DATASET CONTENT:

══════════════════════════════

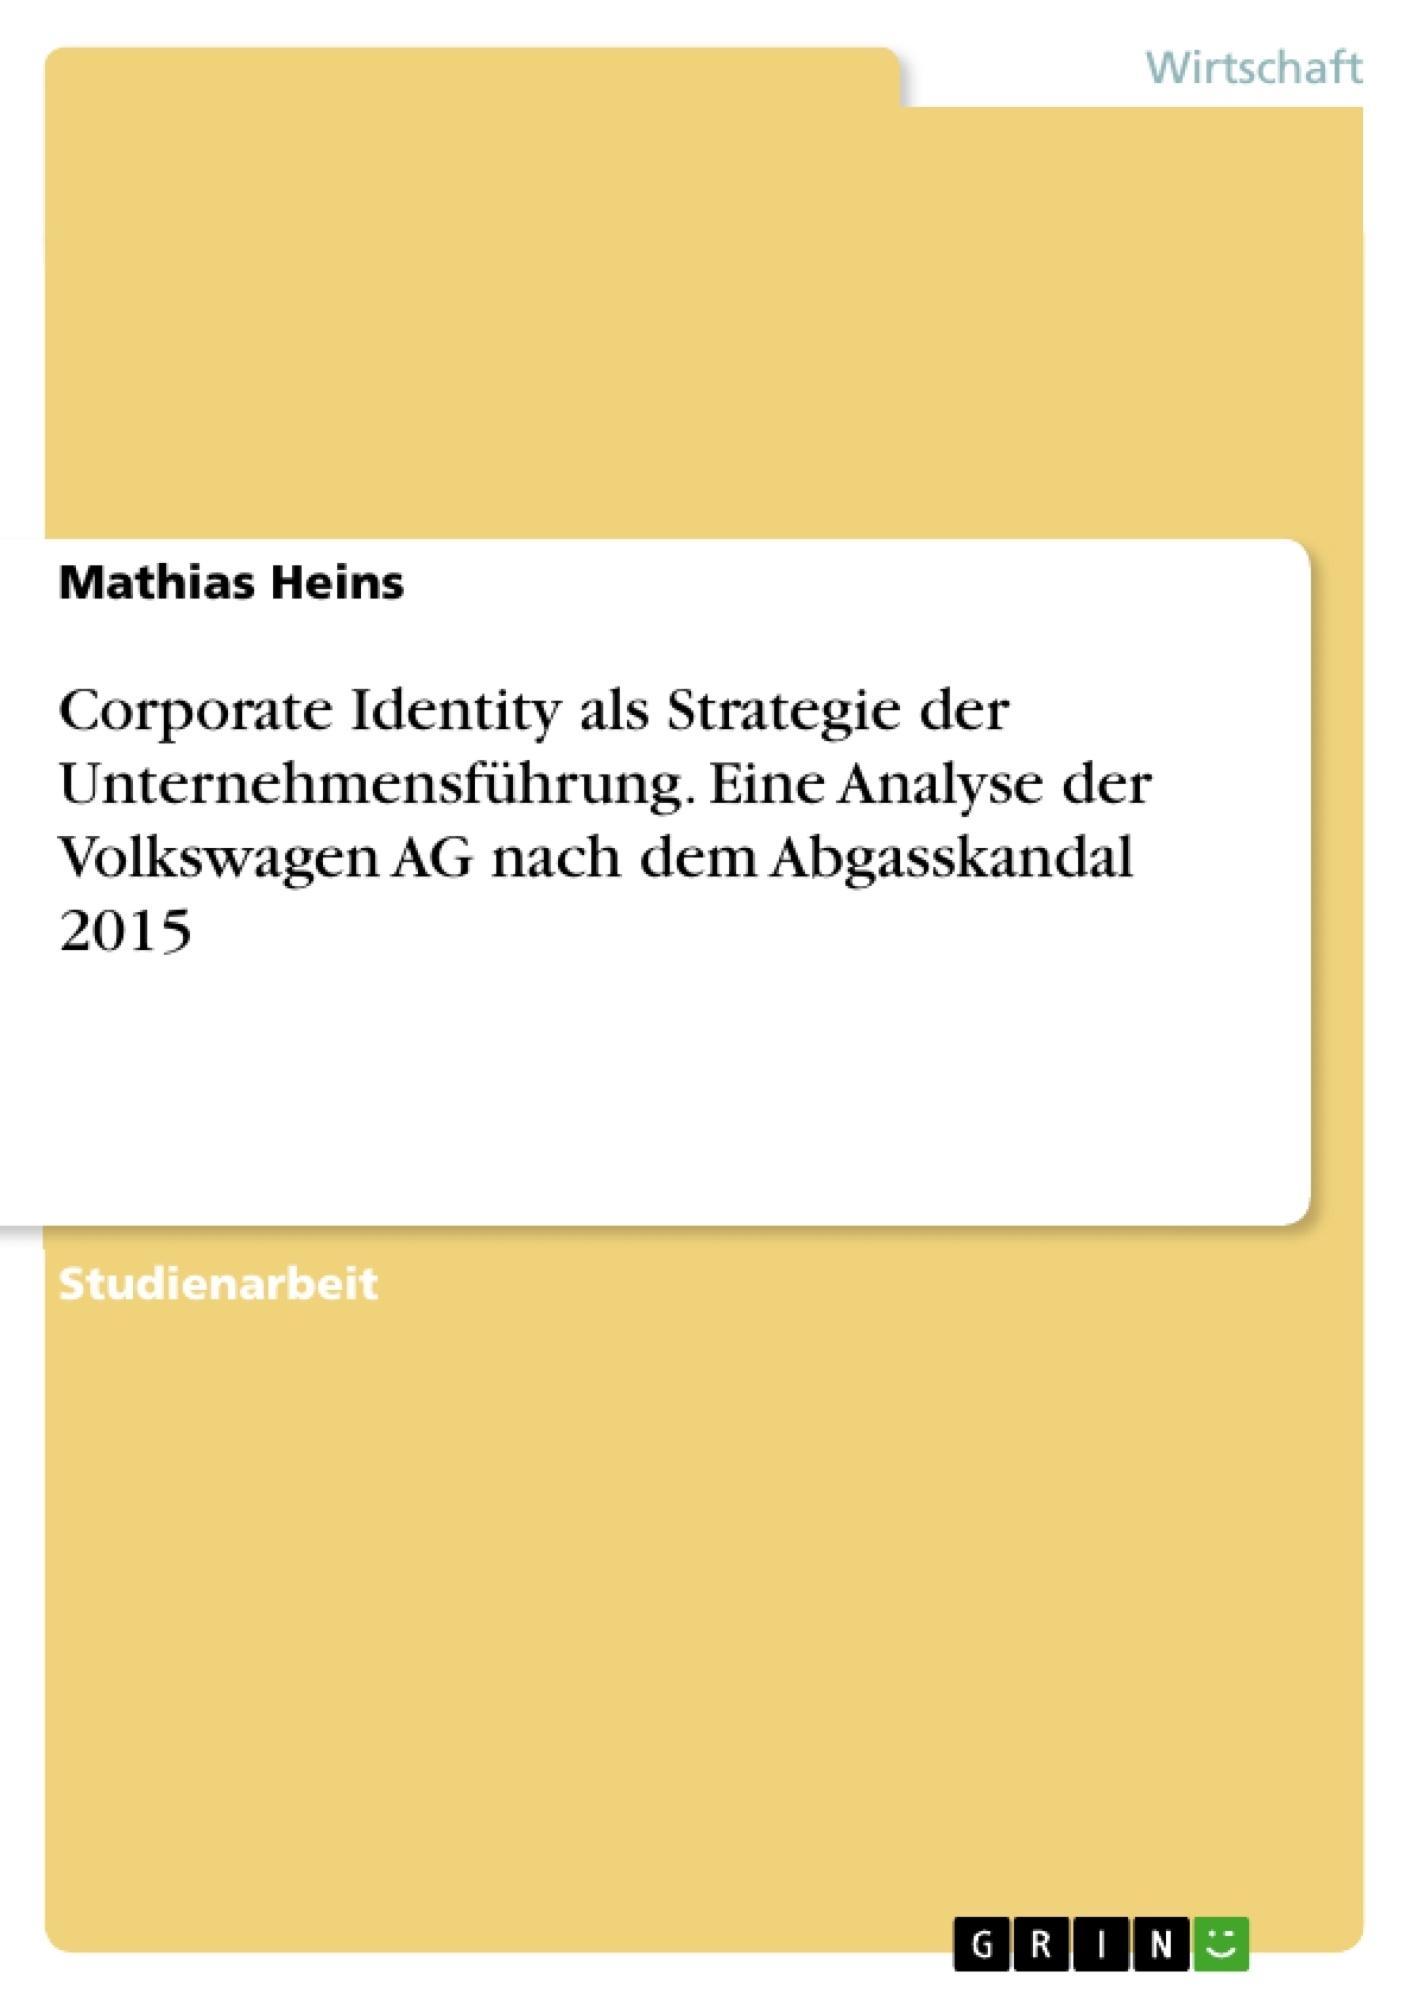 Titel: Corporate Identity als Strategie der Unternehmensführung. Eine Analyse der Volkswagen AG nach dem Abgasskandal 2015
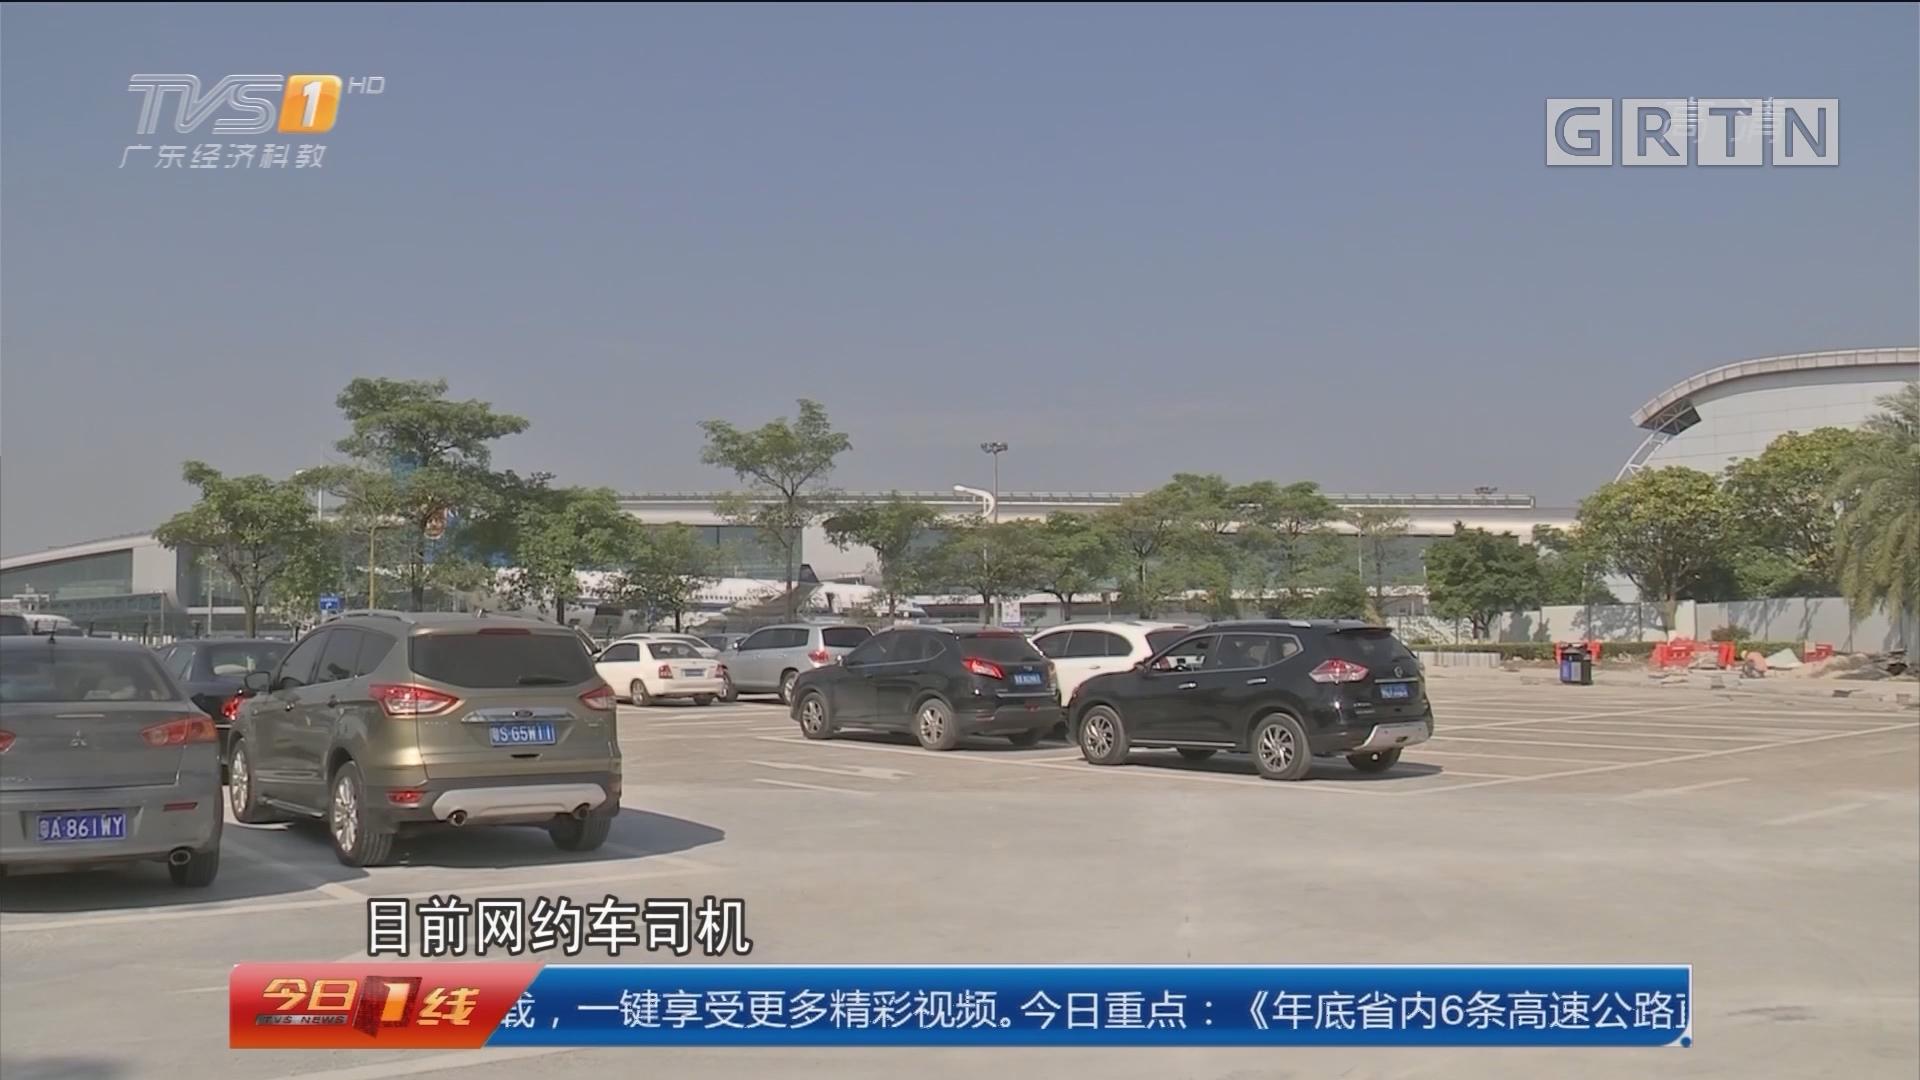 """网约车新政满""""周岁"""":广州新政严管 大量司机退出行业"""
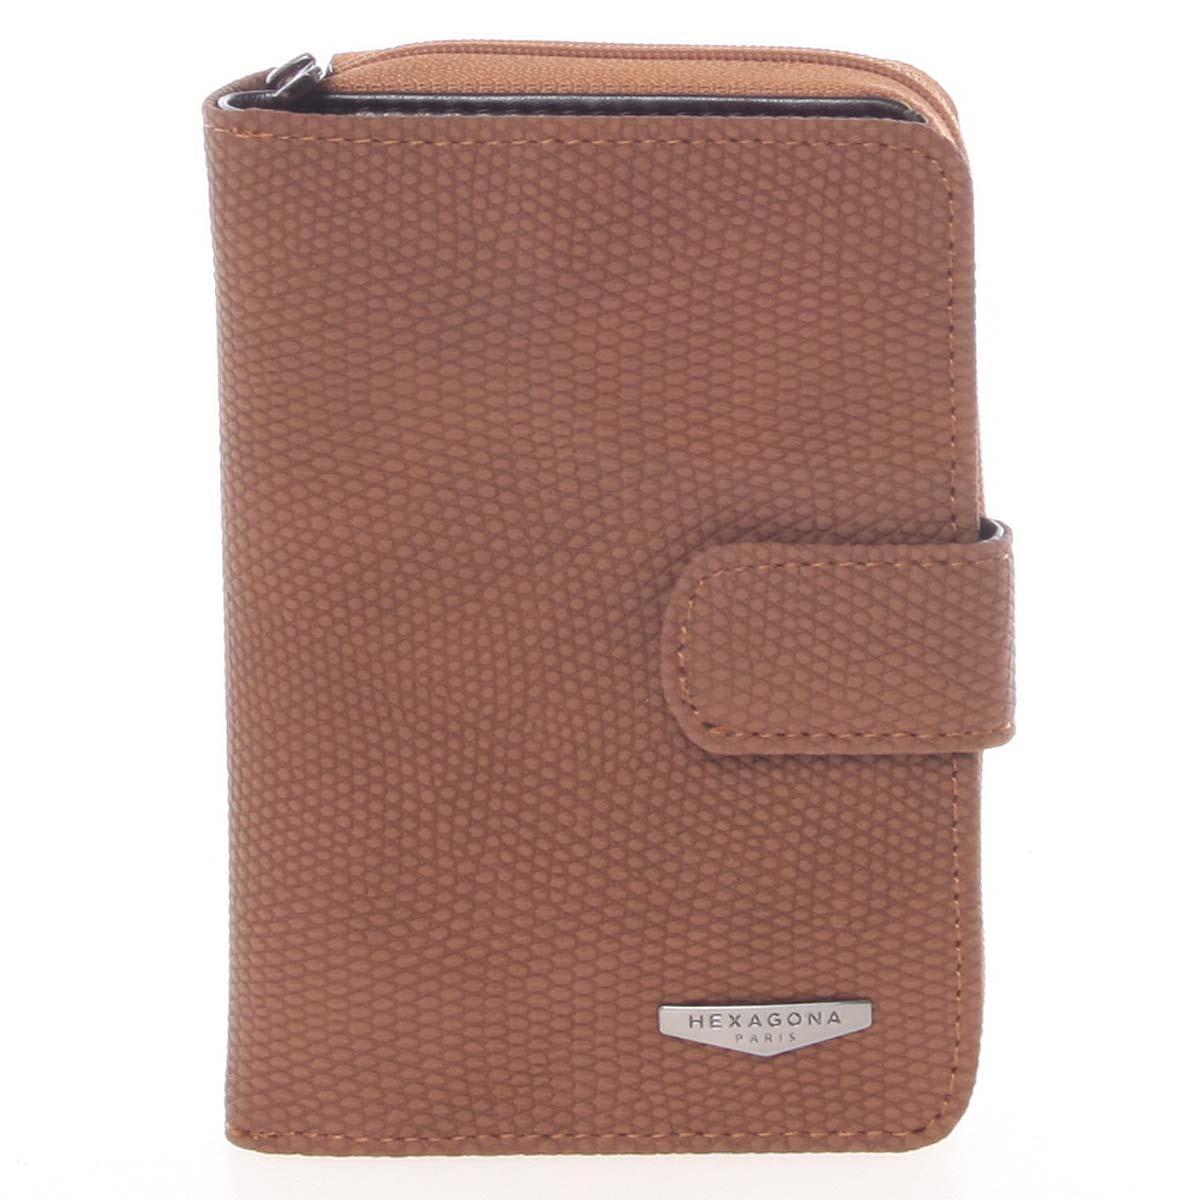 Originální dámská dvoudílná hnědá peněženka - HEXAGONA Reezzi hnědá

══════════════════════════════

WHAT THIS TASK INVOLVES: Return the data above in its exact wording, with none of the pictures.

REPLY TO THE EXERCISE:
 Titel: Corporate Identity als Strategie der Unternehmensführung. Eine Analyse der Volkswagen AG nach dem Abgasskandal 2015
 """网约车新政满""""周岁"""":广州新政严管 大量司机退出行业"""
 Originální dámská dvoudílná hnědá peněženka - HEXAGONA Reezzi hnědá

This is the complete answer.